**TASK STATEMENT:** A word-for-word copy of the data, pictures excluded, is what this task asks for.
### COLLECTED DATA
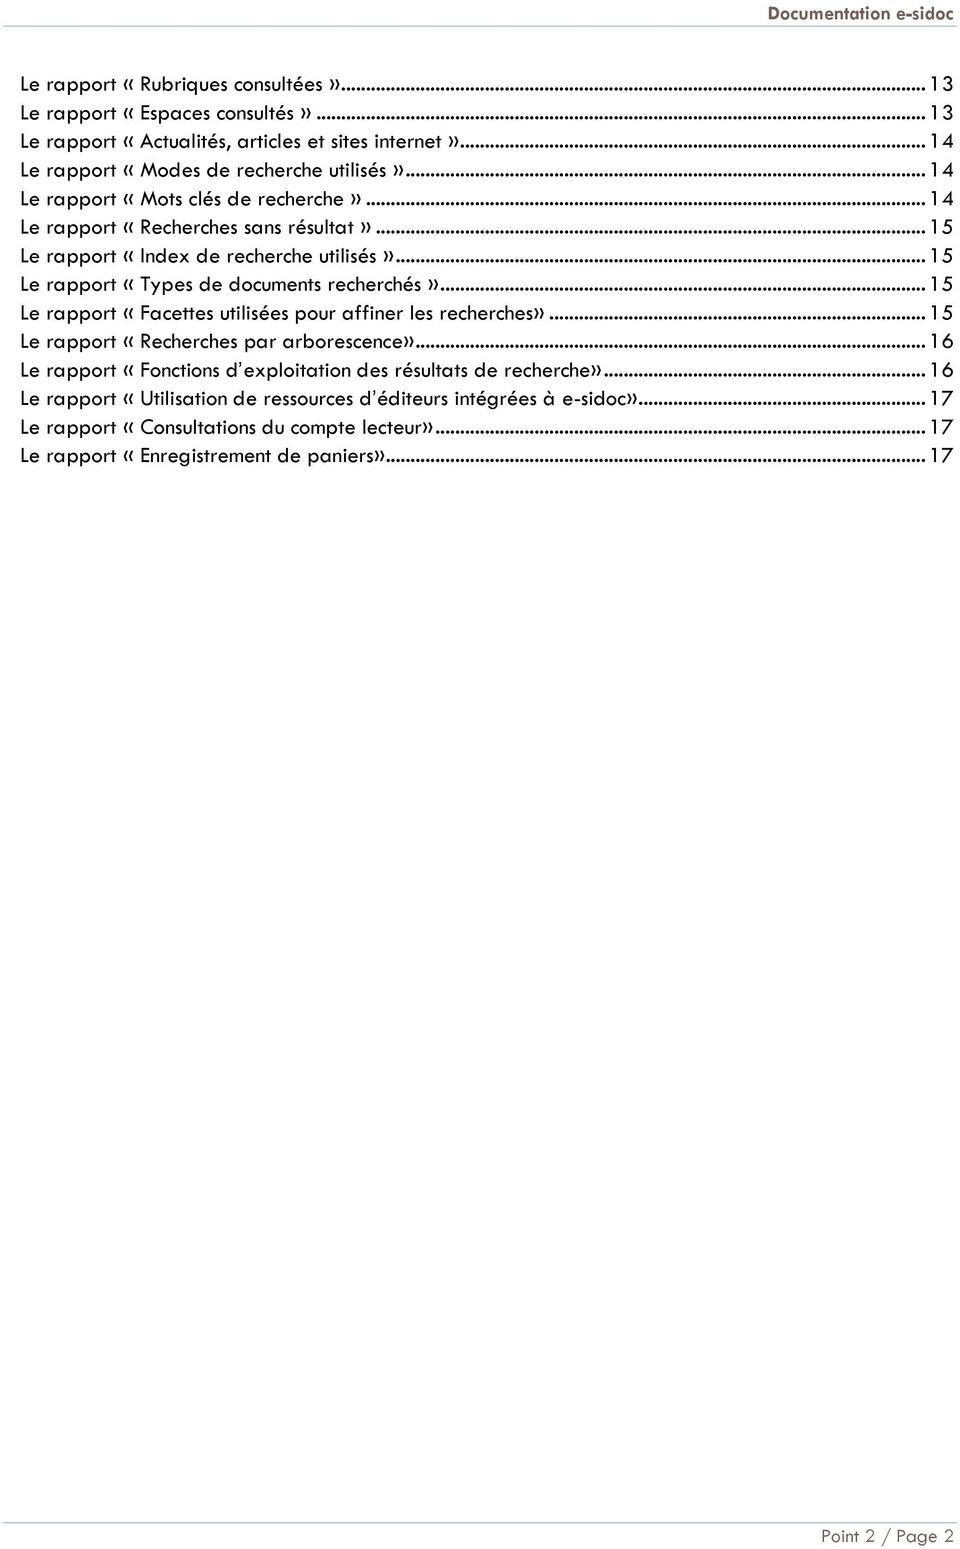 .. 15 Le rapport «Facettes utilisées pour affiner les recherches»... 15 Le rapport «Recherches par arborescence»... 16 Le rapport «Fonctions d exploitation des résultats de recherche».
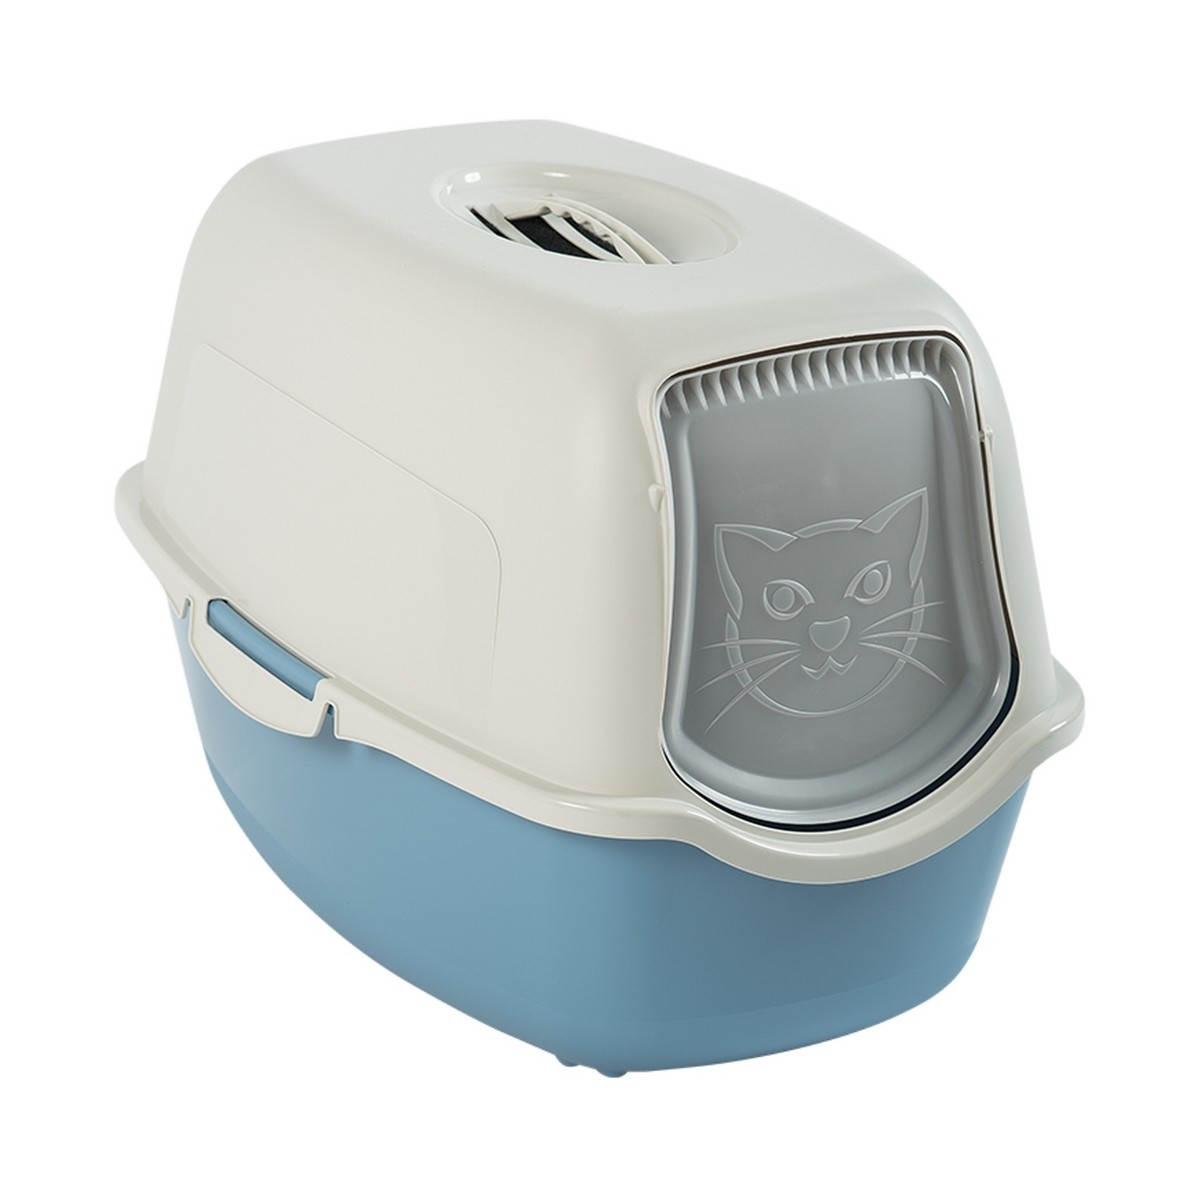 Maison de toilette pour chat anti odeurs - Oster Bionaire. Bac à litière,  maison de toilette et litière végétale ou cristaux pour chats et chatons.  Morin, accessoires pour chat
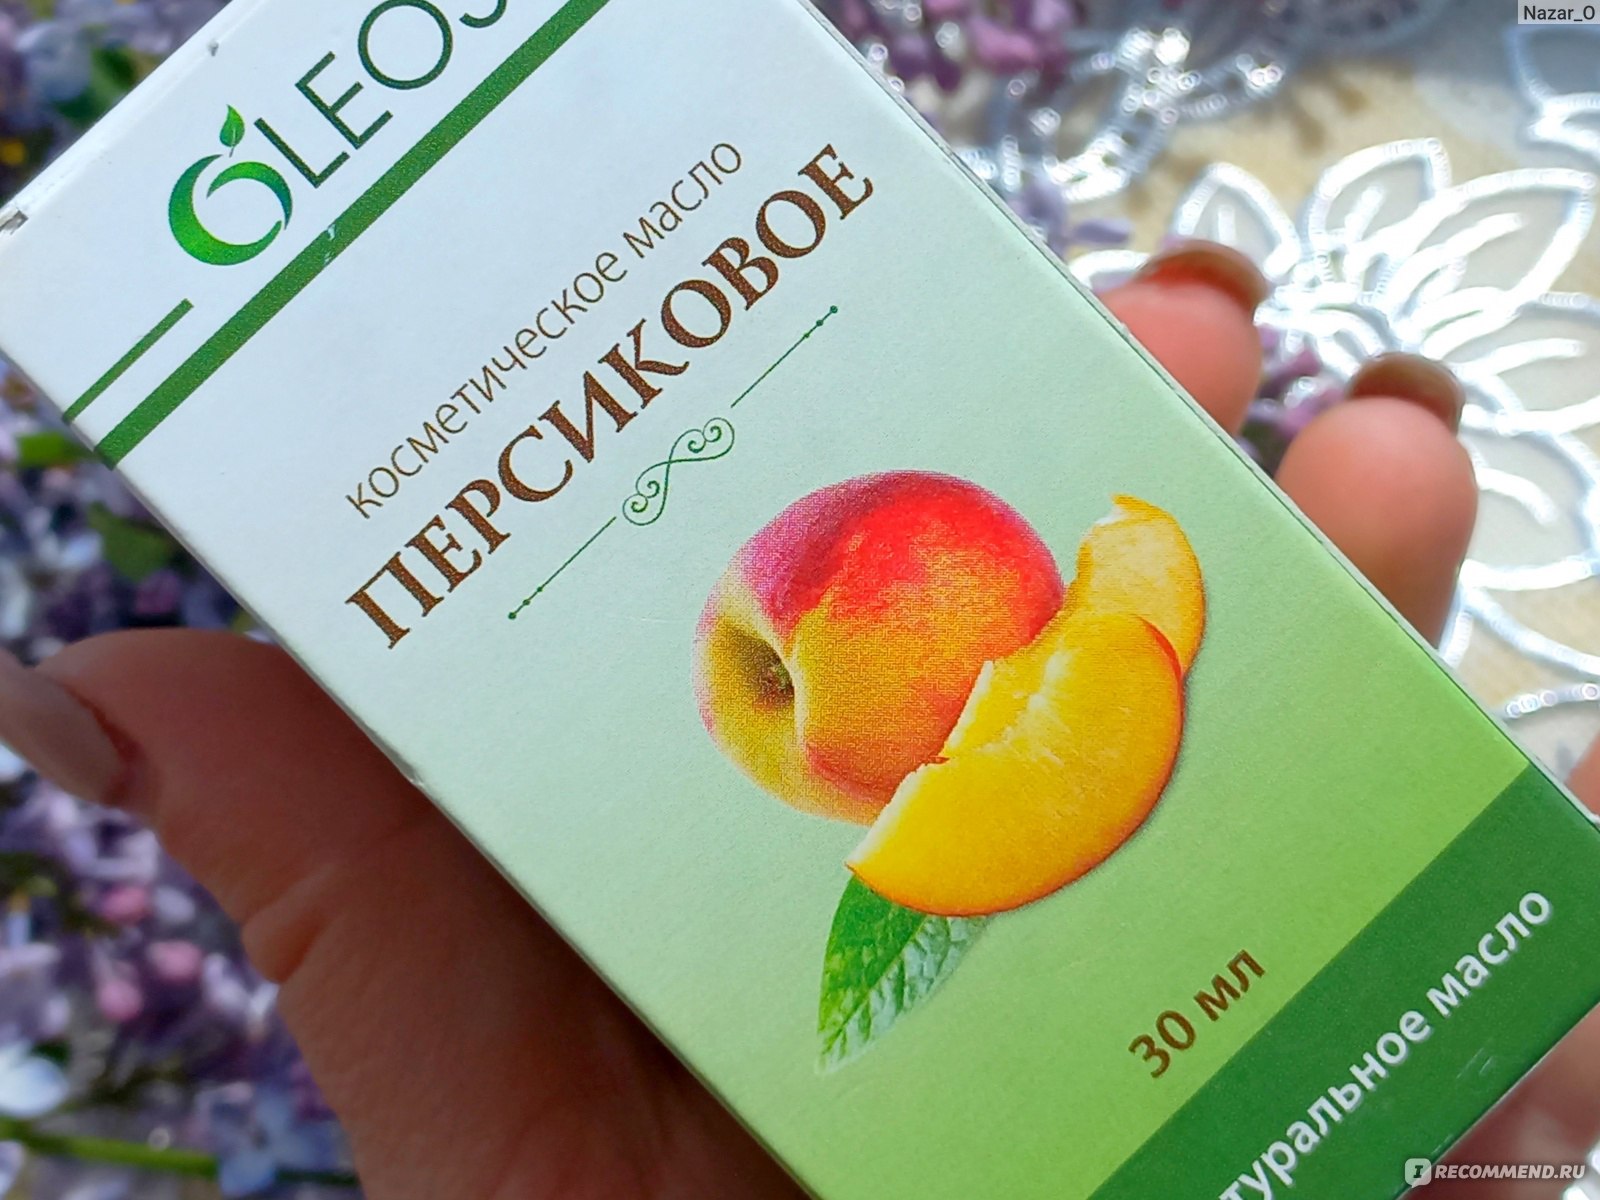 Олеос персиковое масло
######
**TASK OUTPUT:**
 .. 15 Le rapport «Facettes utilisées pour affiner les recherches»... 15 Le rapport «Recherches par arborescence»... 16 Le rapport «Fonctions d exploitation des résultats de recherche».
 Maison de toilette pour chat anti odeurs - Oster Bionaire. Bac à litière,  maison de toilette et litière végétale ou cristaux pour chats et chatons.  Morin, accessoires pour chat
 Олеос персиковое масло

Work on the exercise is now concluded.